今回は新興国通貨(ブラジル・レアル)についてです。
ブラジル国債の見通し引き下げ
去る28日に、米格付会社S&P(Standard&Poor’s)が、ブラジル国債見通しを従来の「安定的」から「ネガティブ」に引き下げました。
自国通貨建て、外貨建て共に「ネガティブ」に引き下げられました。
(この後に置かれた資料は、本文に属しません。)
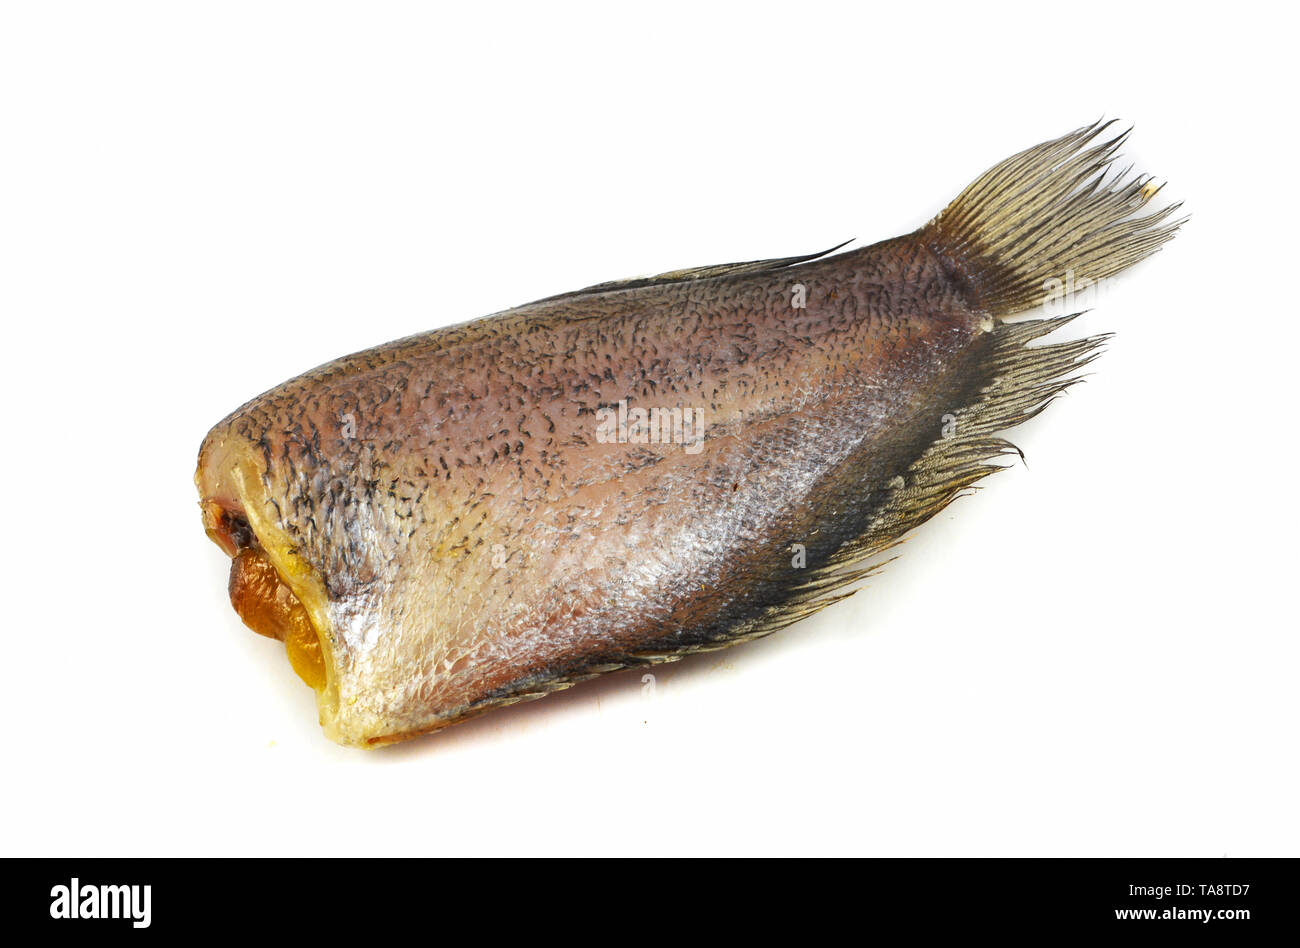 Sun dried fish / trichogaster pectoralis fish dry with spawn isolated on white background Stock Photo

現在の格付けは「BBBマイナス」ですが、いわゆる「投資適格級」として最低水準でこの最低水準の中で見通しが「ネガティブ」なので『向こう1年から1年半の間に格下げが行われる可能性があり』というアナウンスです。
S&Pによる指摘では、
1.)ブラジル国内の政治、経済の両面で困難に直面している
2.)政治家や企業の相次ぐ「汚職捜査」
が、ブラジル国債(信用)見通しの重しになっているとのこと。
結果、為替水準は反応してBRL(ブラジル・レアル)はUSD(米ドル)に対して約2%急落して、12年ぶりの安値水準を付けているという状況です。
<USD/BRL 5日チャート>
<USD/BRL 20年チャート>
ブラジルレアルは対米ドルで2002年以来の安値に沈んでいます。
これを受けて、ことごとくブラジル関連の投資信託(ミューチャル・ファンド)のパフォーマンスも下落しています。例えば、大和証券から販売されているブラジル・ボンド・オープン(毎月決算型)などです。
仮に、今後S&Pによる格下げが行われるとどうなるか?
そもそも「投資適格級」とは格付けが「Baa以上やBBB以上」と格付けされた債券のことで、日本人投資家が証券会社や銀行で投資している債券型の投資信託(ミューチャル・ファンド)のポートフォリオに組み込まれている債券などです。
仮に今後「格下げ」があると、投資適格級ではなくなる、つまり「BB以下(S&Pの場合)」になるので「投機的格付債」=「ハイ・イールド債券(ジャンク債)」となります。結果、元本割れの可能性が高くなり(その分、利回りは上昇する)オフショアファンド(ヘッジファンド)などのプロ向けの債券になるということです。
となれば、日本の投資信託(ミューチャル・ファンド)の中には、運用の取り決めである目論見書上「投機的格付債」への投資(保有)が出来ない場合が発生するので、その投資信託にとってはネガティブな要素になってくるということです。格付けが全てではないものの、実際に為替が2%急落をしている点などを踏まえると備えておくにこしたことはないでしょう。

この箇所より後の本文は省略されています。